L’ascolto del testo filosofico
La semplificazione del testo filosofico
In ciascun laboratorio la domanda di partenza viene sempre affrontata anche attraverso le parole di un maestro della filosofia che, per riprendere la riflessione su ontogenesi e filogenesi, ha a sua volta avuto a che fare con il medesimo interrogativo. La proposta dell’ascolto di un testo filosofico diviene caratterizzante per un laboratorio che, oltre a praticare la filosofia, vuole farla concretamente incontrare ai bambini. I filosofi, però, come vedremo più avanti, non sono lì per spiegare il loro punto di vista o il ruolo del proprio pensiero entro la storia della filosofia ma, alla pari di tutti gli altri, per lasciarsi trasportare dalla domanda. Sia che avvenga in apertura del laboratorio sia che sia collocato in altri tempi, il momento dell’ascolto del testo è definito in maniera precisa. Tutti i partecipanti sono disposti in semicerchio, con il corpo, gli occhi e la mente rivolti in direzione della persona che presta la voce e i movimenti al maestro della filosofia presente nel testo.
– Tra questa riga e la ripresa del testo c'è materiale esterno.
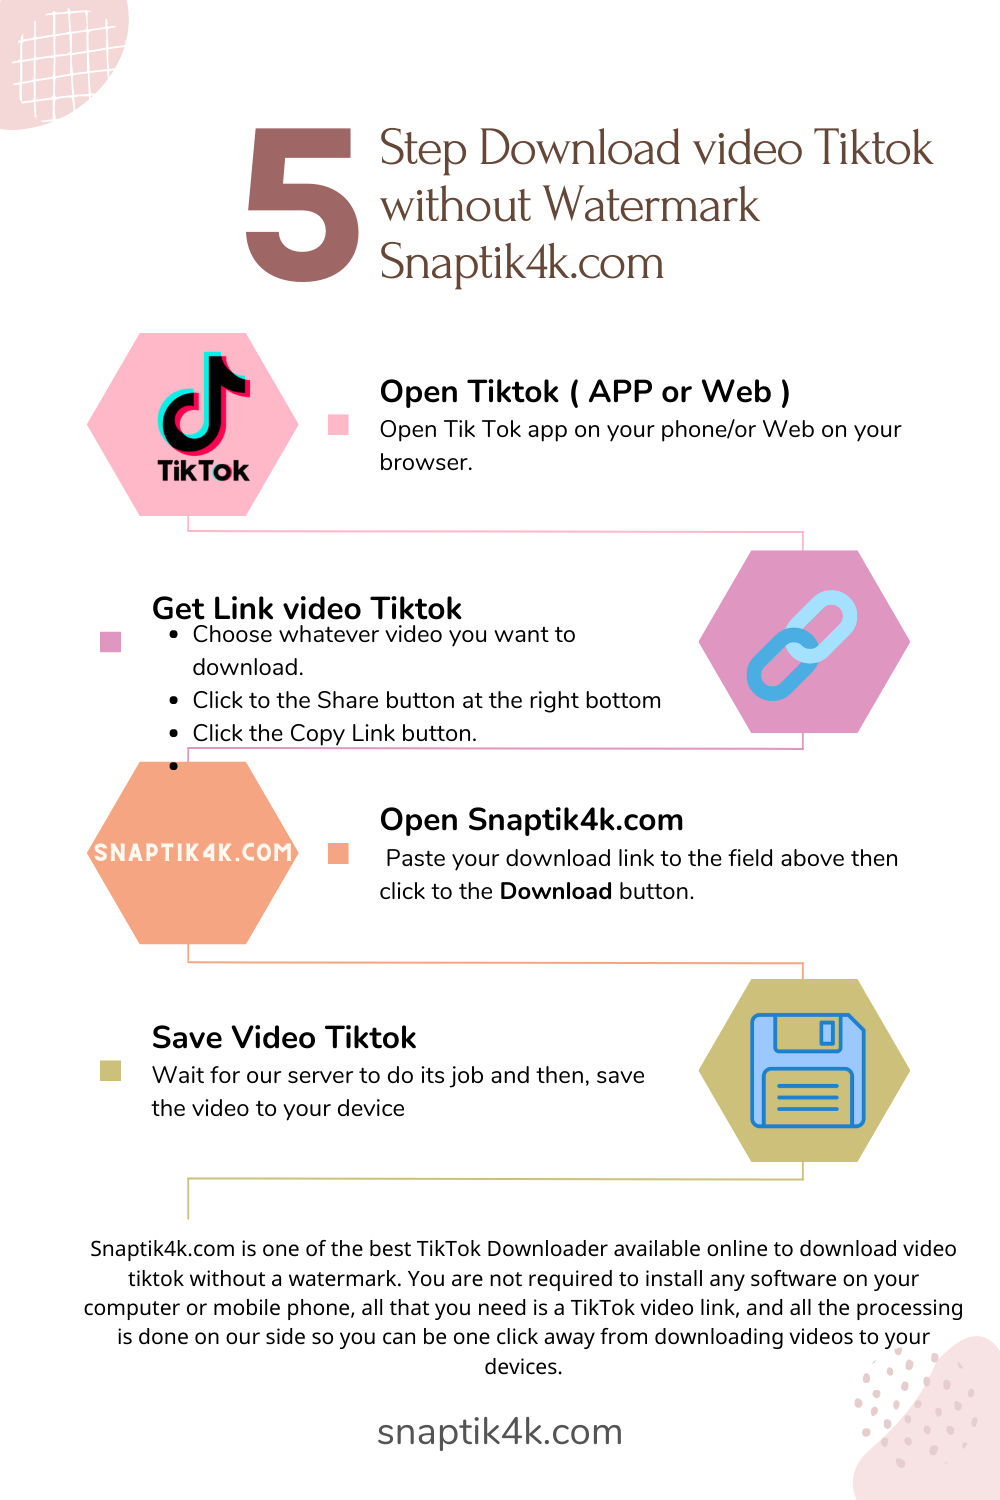 Step Download Video Tiktok with Snaptik4k.com

Il luogo dell’ascolto, già presente nella struttura, oppure creato ad hoc, è il più possibile raccolto, distinto dal resto dello spazio a disposizione e reso accogliente dalla presenza di qualcosa di morbido e gradevole su cui appoggiarsi: essere comodi e a proprio agio, magari su cuscini portati da casa o su un tappeto, su cui anche in altri momenti si fa qualcosa di bello, è il modo migliore per prepararsi a un incontro. Chi legge ha il compito, attraverso l’uso della voce e del movimento, ma a volte anche di immagini, suoni, travestimenti, di dare corpo alle parole. Per questo non leggono i bambini, ma un adulto che già conosce il testo: leggere e ascoltare sono modalità diverse di affrontare uno scritto e nel caso del laboratorio quello che è importante è il piacere dell’incontro con un’altra persona, presente nella stanza tramite la voce prestata alle sue parole.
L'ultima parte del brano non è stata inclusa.